Trump signs order to curb counterfeits from online platforms

Published on: 5th April 2019

The White House aims to gather more data on how widespread the problem is and who is to blame.

President Donald Trump put Amazon, eBay and Alibaba and other online marketplaces on notice Wednesday, signing a memorandum that aims to curb the sale of counterfeit items online.

“This is a shot across the bow to those companies. If you don’t clean it up, then the government will,” Trump’s trade advisor, Peter Navarro, told reporters.

The effort comes as major online marketplaces struggle to control the sale of fake products from third-party vendors. Peter said the White House will aim to gather more data on how widespread the problem is and who is to blame.

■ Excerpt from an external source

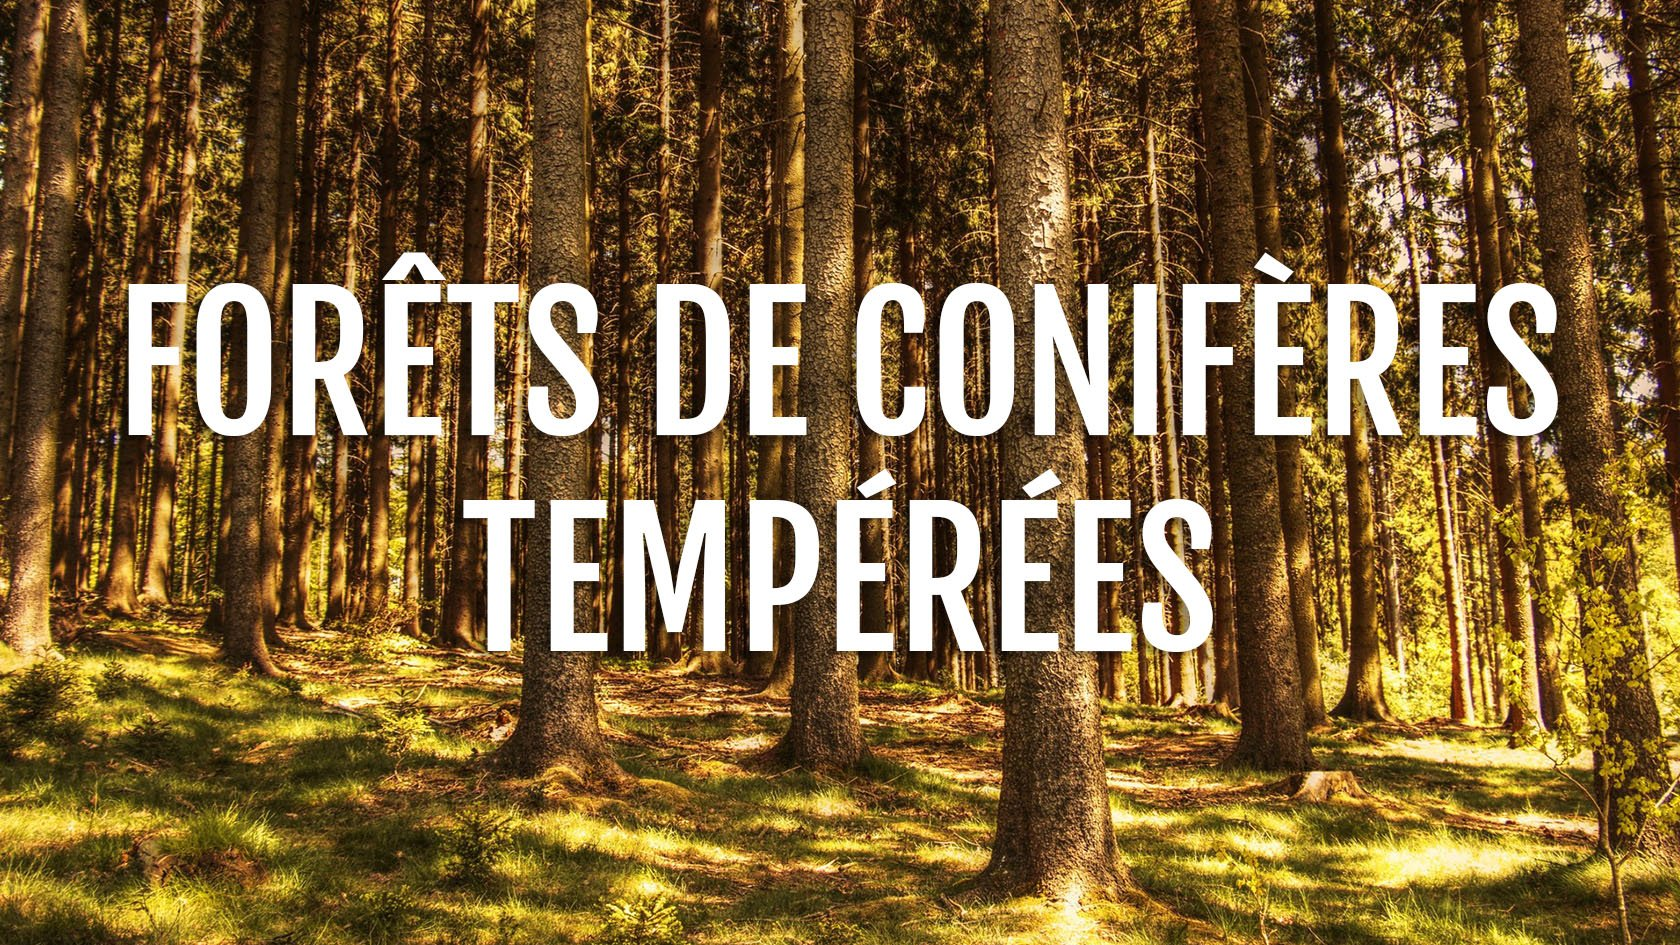 https://www.monde-animal.fr/habitat/forets-de-coniferes-temperees/

The administration will require a report within 210 days from the Departments of Homeland Security, Commerce and Justice, according to the memorandum. It will analyse how widespread the problem is and how effective current responses are, while recommending potential regulatory or legislative changes to better combat the sale of fake goods.

In a Wall Street Journal op-ed published on Wednesday, Peter said Trump’s measure instructs the Department of Homeland Security to coordinate with federal law-enforcement agencies working to combat counterfeiting. While Navarro did not give many specific details about how the White House would address the counterfeit problem, the memorandum serves as a warning to e-commerce companies.

In justifying the action, Peter cited part of a 2018 Government Accountability Office report showing widespread issues with counterfeiting. The agency’s investigators purchased brand name products from third-party vendors on sites such as Amazon, Walmart.com, Sears, Newegg.com and eBay and found 40% of the goods were fake.

“Our goal is to rightly shift the burden of trafficking to the supply chain and third party online marketplaces and intermediaries that right now are blanketing this country with dangerous products that cheat consumers out of billions of dollars a year,” Peter said.

Peter has denied that the memorandum had anything to do with the ongoing trade talks between the US and China, where another of the world’s biggest third party sellers, Alibaba, is based. He also denied that the measure, which targets Amazon, was in any way connected to Trump’s oft-stated disdain for Amazon CEO Jeff Bezos, who also owns The Washington Post, an outlet that has reported extensively on Trump’s overseas businesses and the Mueller probe.